Fines, Civil Fines, and Statistics around the BP Oil Spill

Just how much oil is spewing into the Gulf of Mexico daily? Who’s gonna foot the bill? What, exactly, will they be paying for, and how much? It seems like BP had their answers to those questions worked out weeks ago. Now, the government is taking a closer look. as a result of the Deepwater Horizon crisis, the three questions up top have taken center stage.

One week after BP admitted underestimating the amount of heavy crude leaking into the Gulf

First, the daily leakage numbers.

Backpedaling by corporate higher-ups to the contrary–Where did you hear that? Well, it wasn’t from us!–it seems the old 5,000-barrel-per-day leakage figure was first floated by BP officials in interviews with many publications in mid-May, according to the Houston Chronicle.

Subsequent reports that BP was collecting that much per day via emergency insertion tube while live video showed much of the oil still gushing freely cast doubt on the claims.

More recent estimates have ranged from 70,000-95,000 barrels a day, and even BP’s own executives admit they don’t know how to measure the spill.

Those initial lowball estimates, by the way, would have saved BP “millions of dollars in damages when the financial impact of the spill (was) resolved in court,” according to legal experts. Funny how that works.

Or doesn’t…

As it turns out, BP may actually be on the hook for quite a bit more:

“A clause buried deep in the U.S. Clean Water Act may expose BP and others to civil fines that aren’t limited to any finite cap–unlike a $75 million limit on compensation for economic damages. The Act allows the government to seek civil penalties in court for every drop of oil that spills into U.S. navigable waters, including the area of BP’s leaking well.

As a result, the U.S. government could seek to fine BP or others up to $4,300 for every barrel leaked into the U.S. Gulf, according to legal experts and official documents.

Of special interest is the heretofore under-discussed possibility of civil fines. Most of the culpability talk has centered on compensation for devastated fishing communities and the cost of attempting to clean up the shattered Gulf ecosystem. If the CWA clause, which was added in the wake of the Exxon Valdez spill to deter corporate inattention, holds for the BP disaster, the EPA would be able fine “any party whose negligence results in an oil spill in U.S. federal waters”:

The basic fine, according to the act, is $1,100 per barrel spilled.
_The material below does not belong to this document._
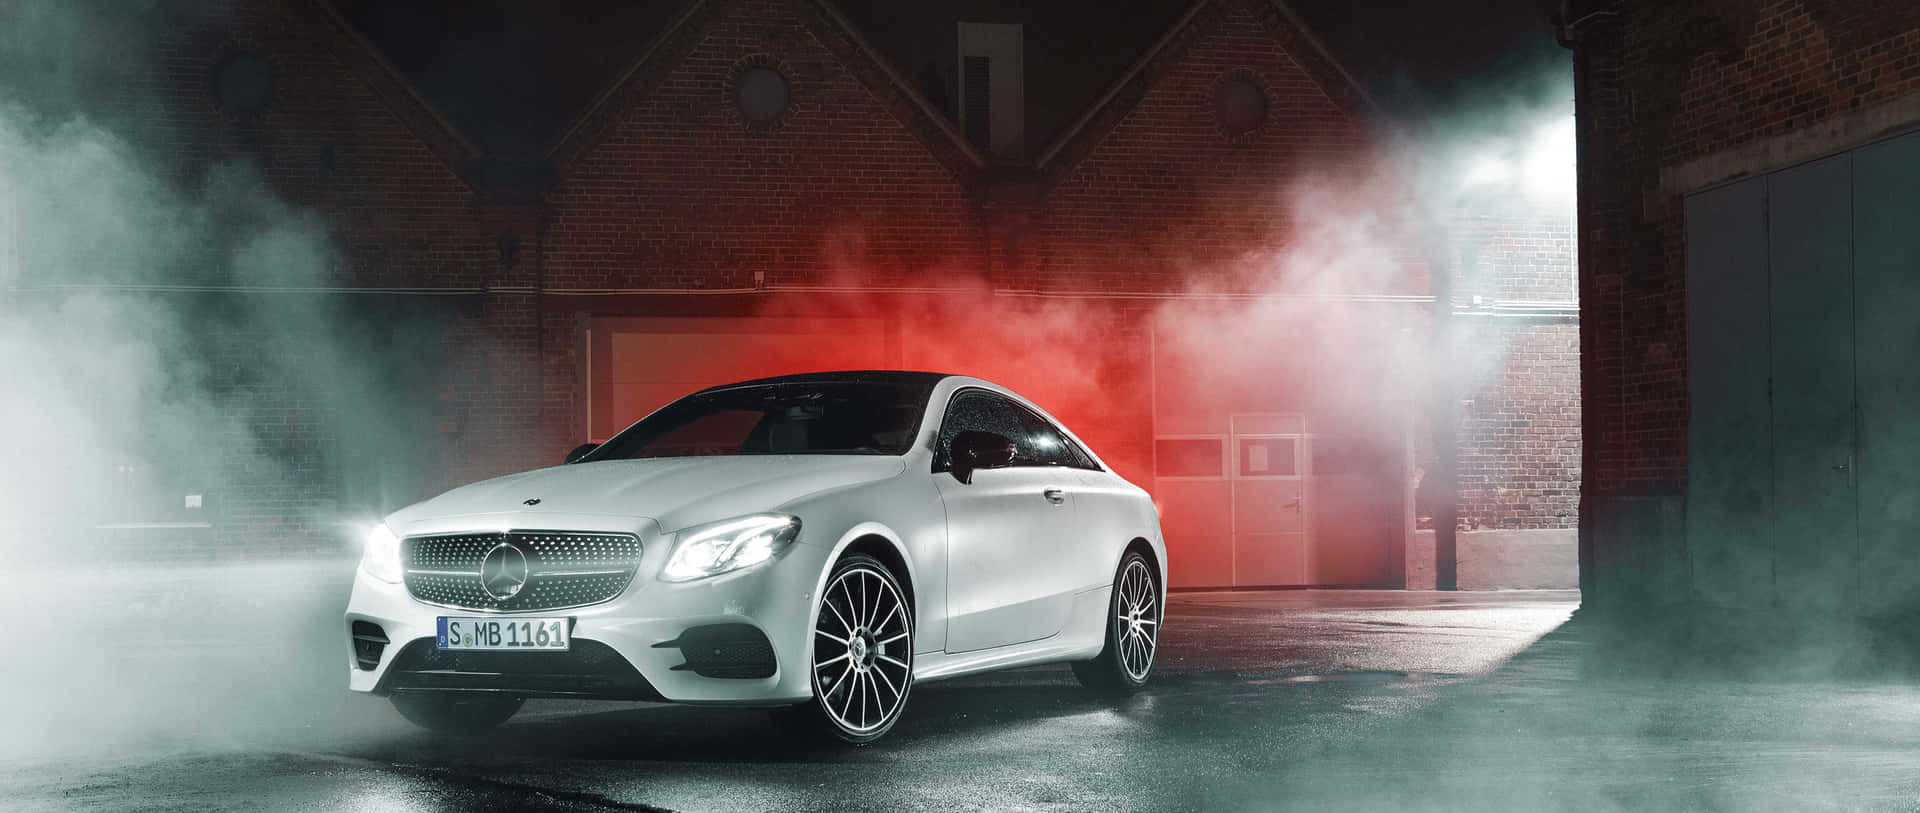 Take your everyday commute to new heights with the timeless Mercedes Car 4K. Wallpaper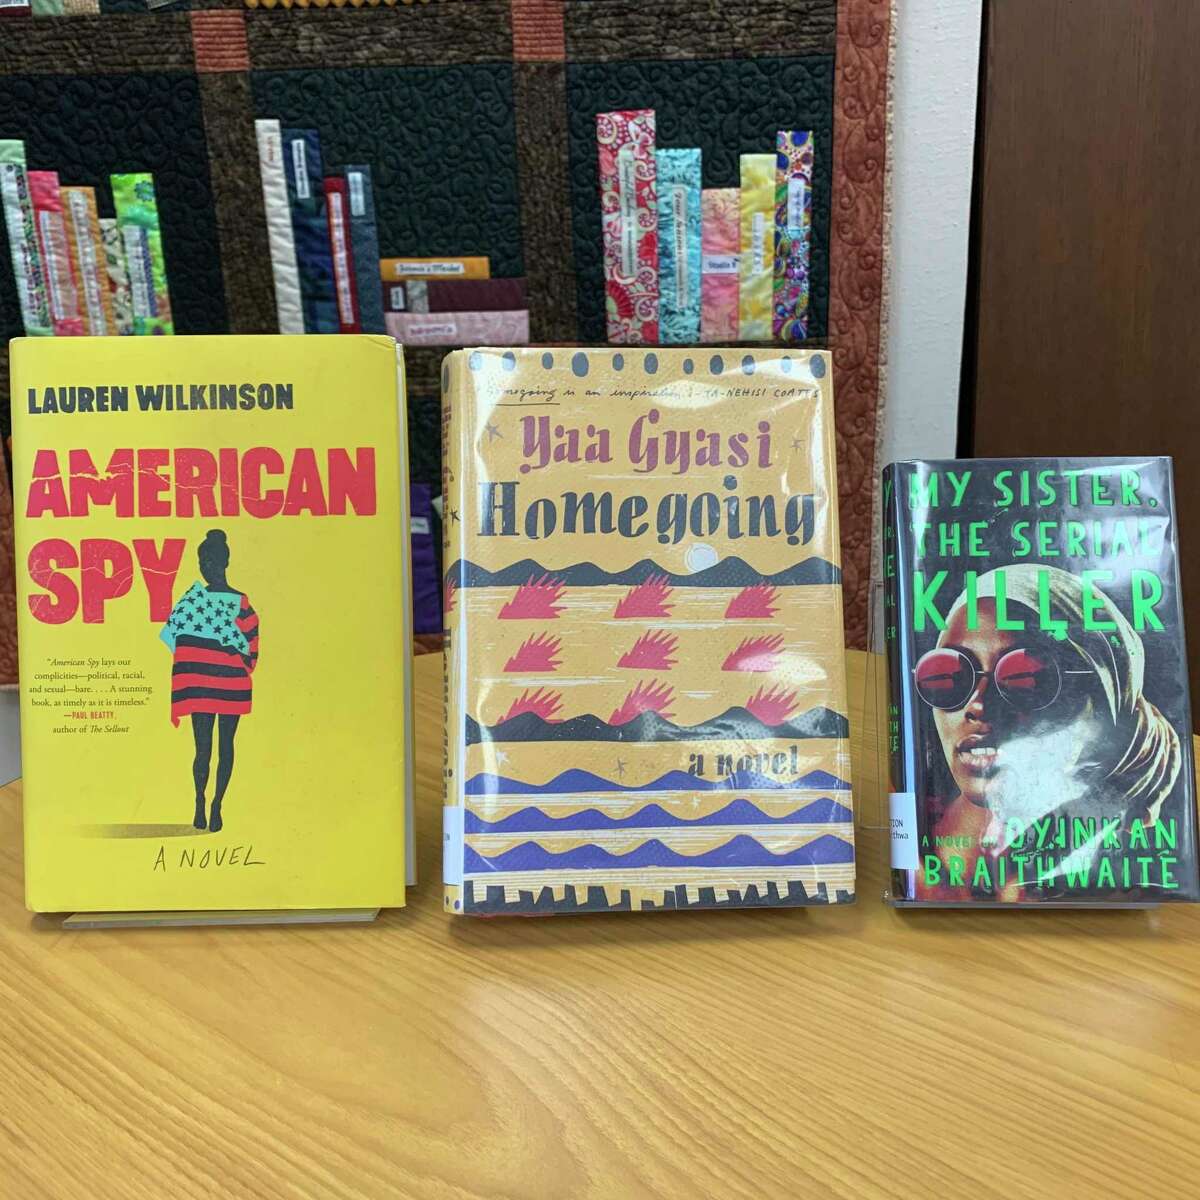 Marie Mitchell is a young, Black woman, working for the FBI who is given an opportunity to join a task force and help bring down a communist. Set in 1986 during the Cold War, "American Spy" by Lauren Wilkinson was inspired by true events. (Courtesy photo)

But the penalty can rise to $4,300 a barrel if a federal court rules the spill resulted from gross negligence.

With a huge price tag looming in dollars, livelihood lost, and indefinitely soiled wetlands, it is more important than ever that we get a full and accurate impression of the extent of the leak…and that the impression not come from the guys with the checkbooks. NWF CEO Larry Schweiger, testifying recently before the House Transportation & Infrastructure Committee:

The Gulf of Mexico is a crime scene and BP cannot be left in charge of assessing the damage or controlling the data from their spill. The public deserves sound science, not sound bites from BP’s CEO.